* Exercise directions: When you transcribe the lines below, keep every word the same and leave the pictures behind.

* Data provided:
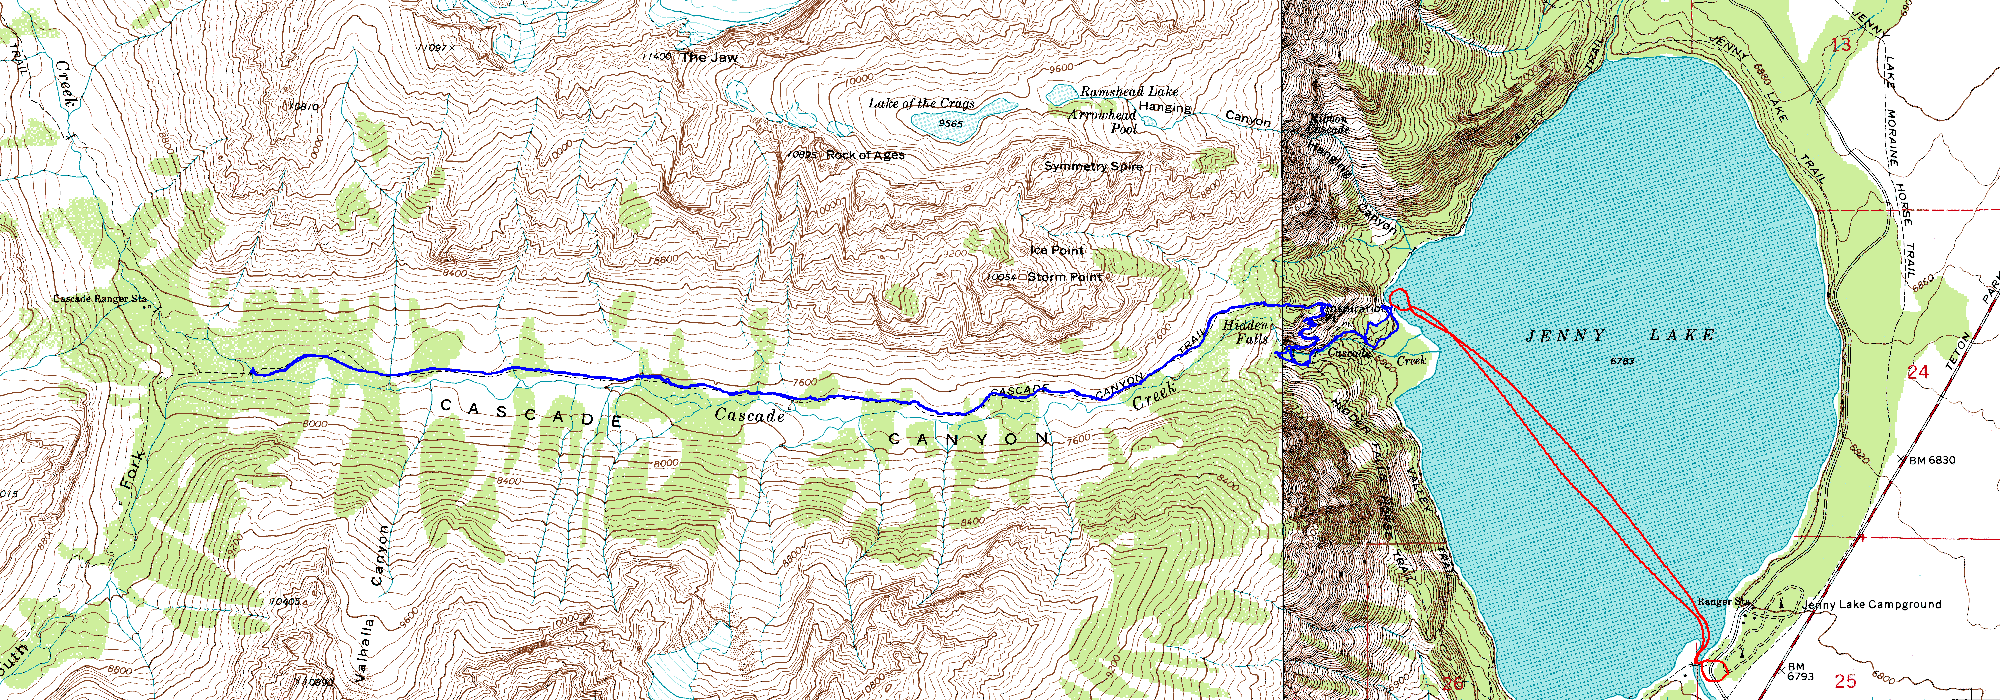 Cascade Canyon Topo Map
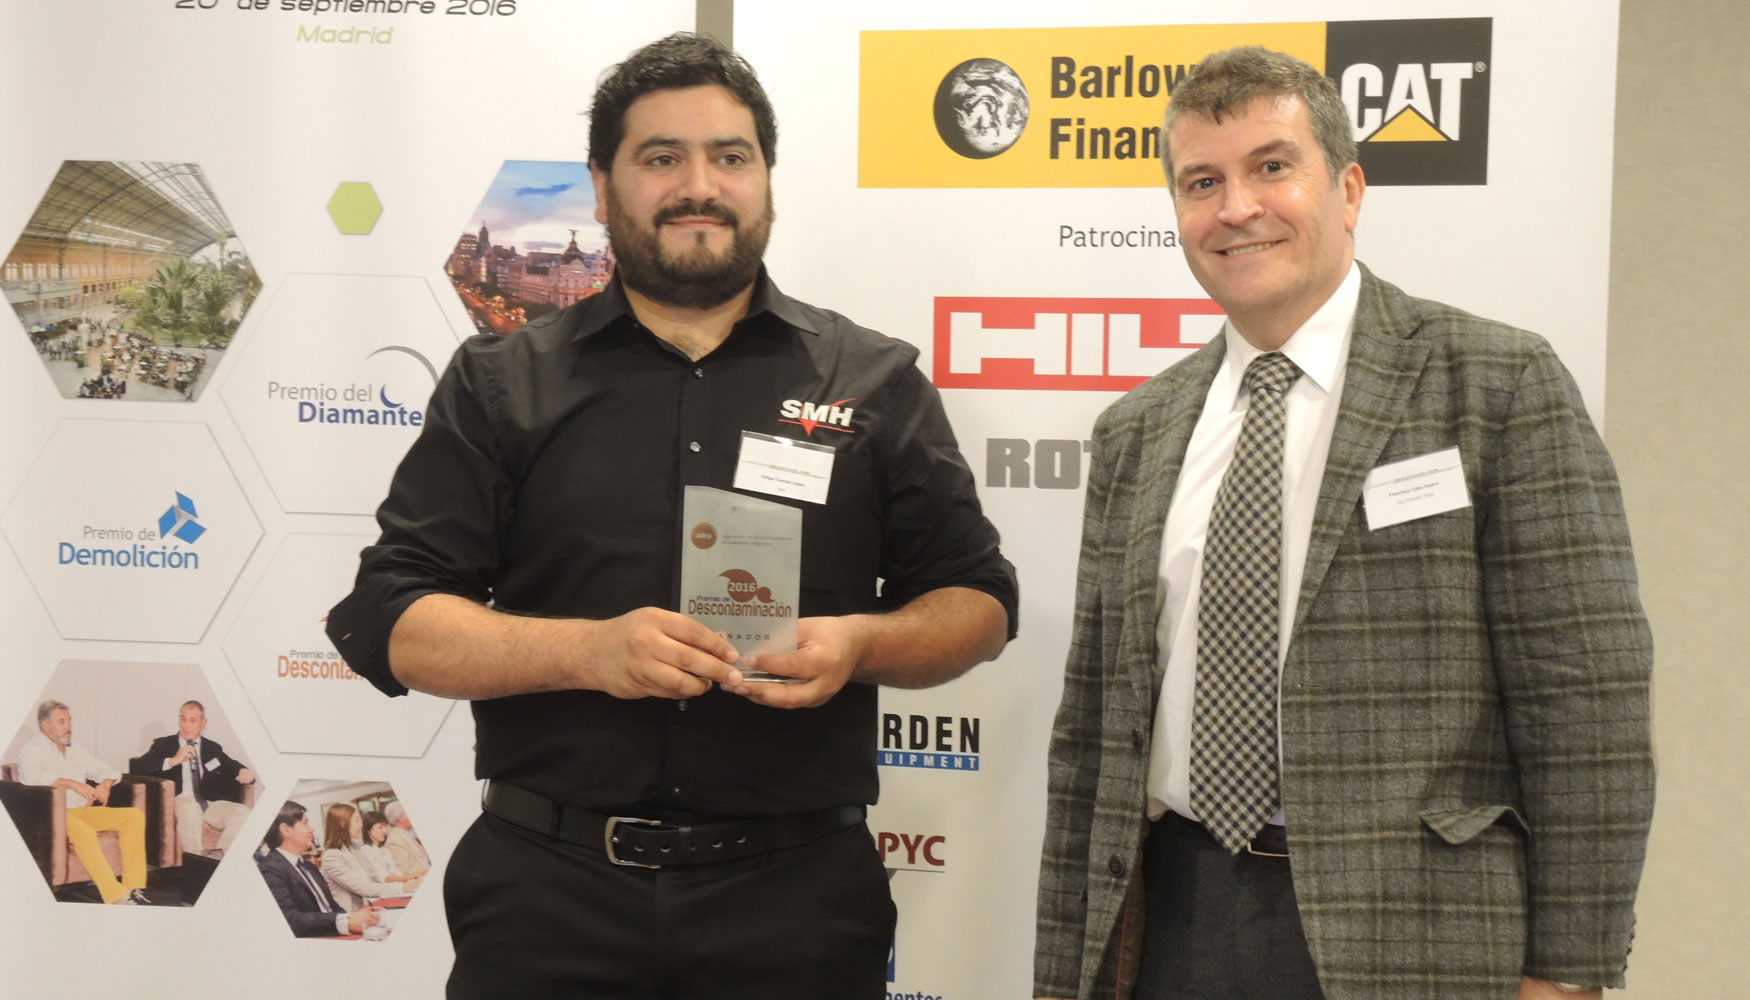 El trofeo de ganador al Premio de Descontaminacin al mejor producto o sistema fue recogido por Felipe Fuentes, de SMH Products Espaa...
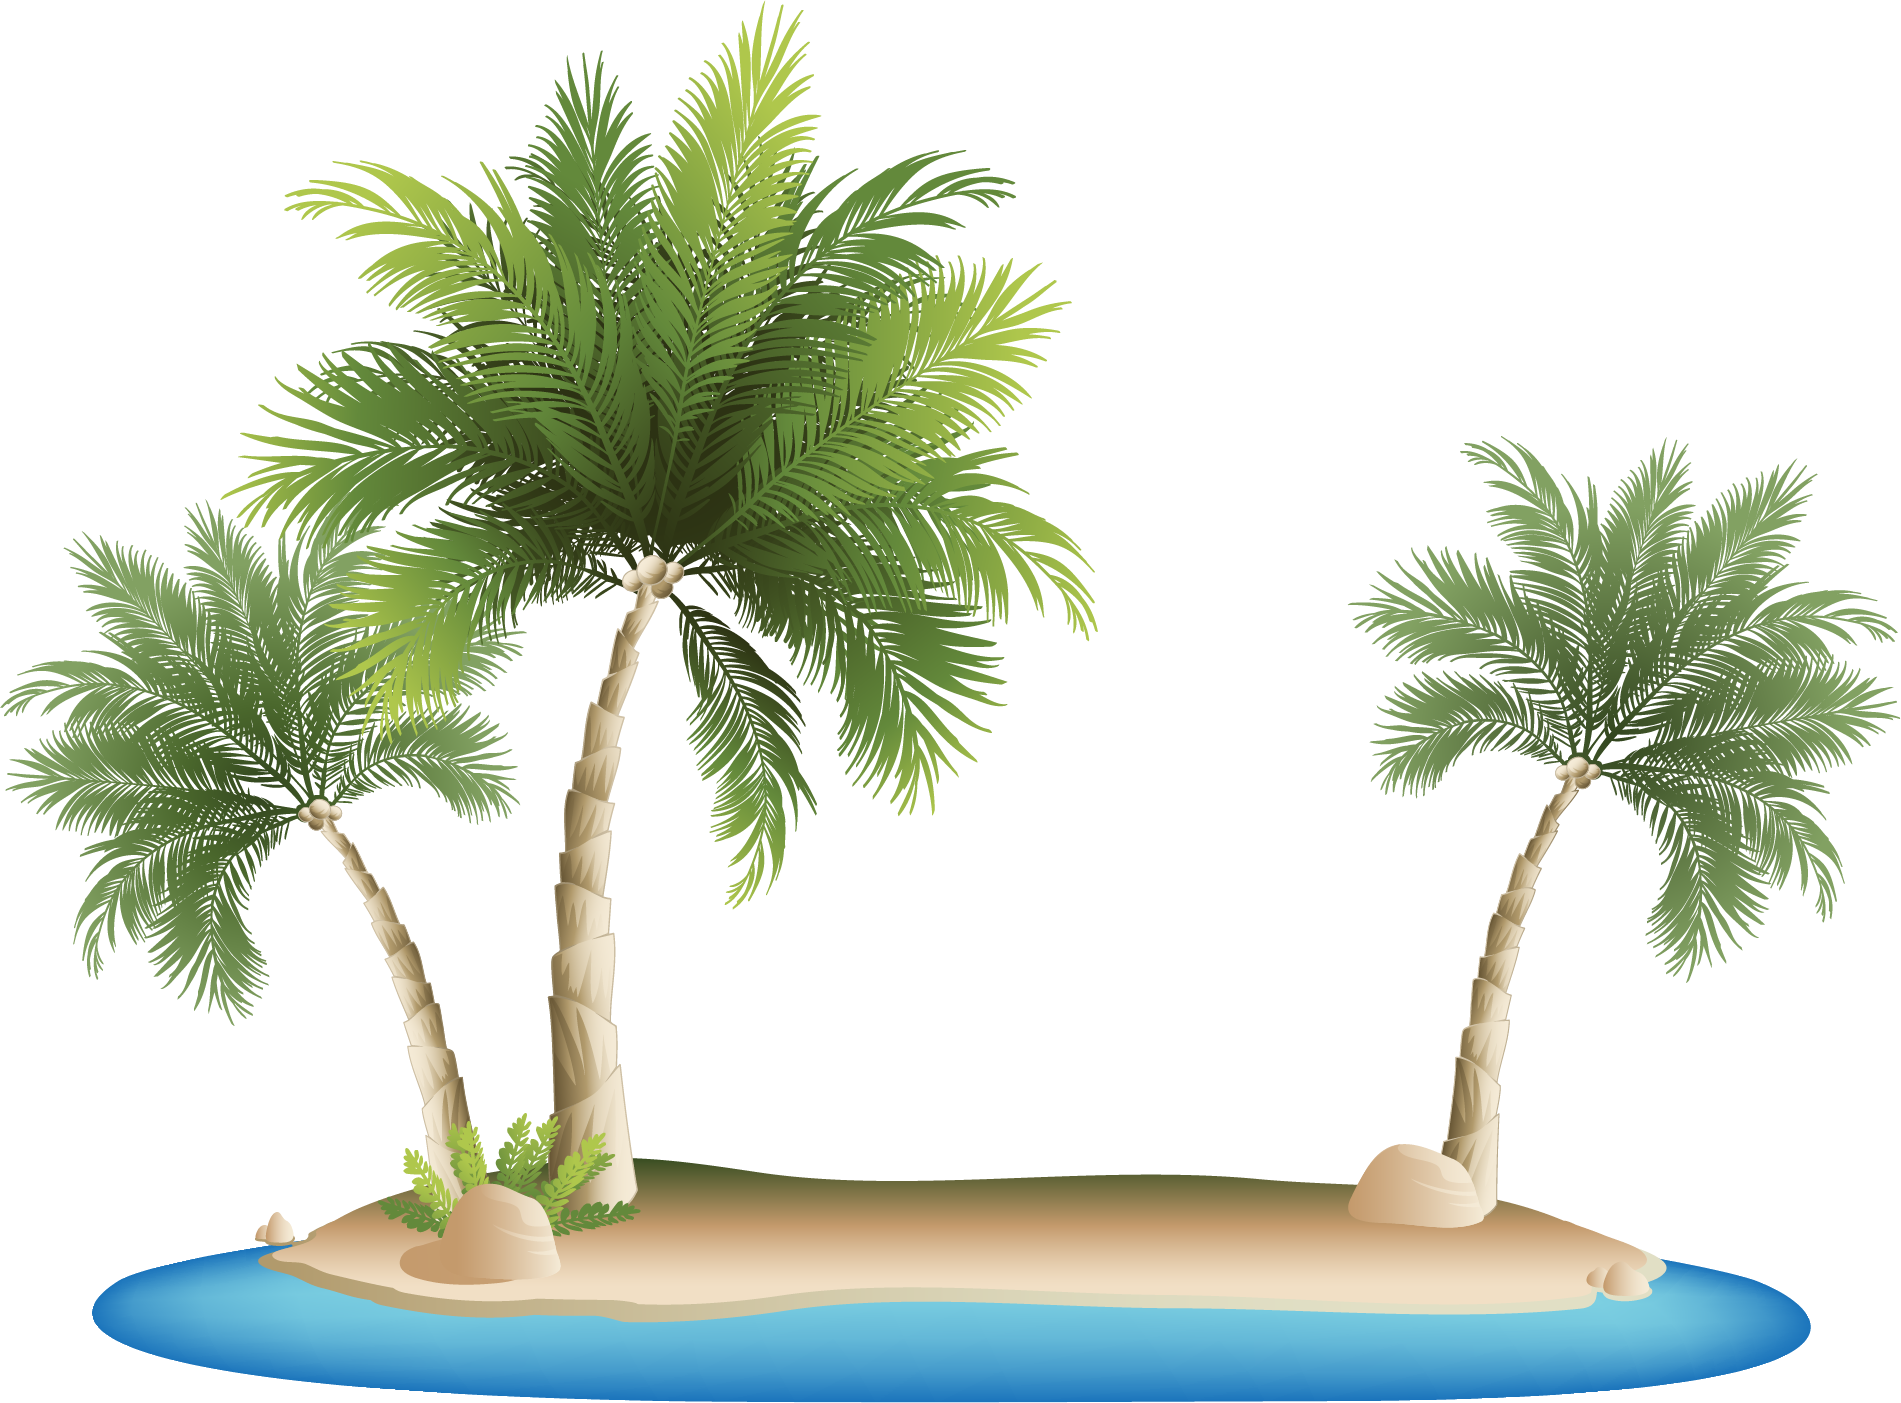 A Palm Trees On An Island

* Task solution:
 Cascade Canyon Topo Map
 El trofeo de ganador al Premio de Descontaminacin al mejor producto o sistema fue recogido por Felipe Fuentes, de SMH Products Espaa...
 A Palm Trees On An Island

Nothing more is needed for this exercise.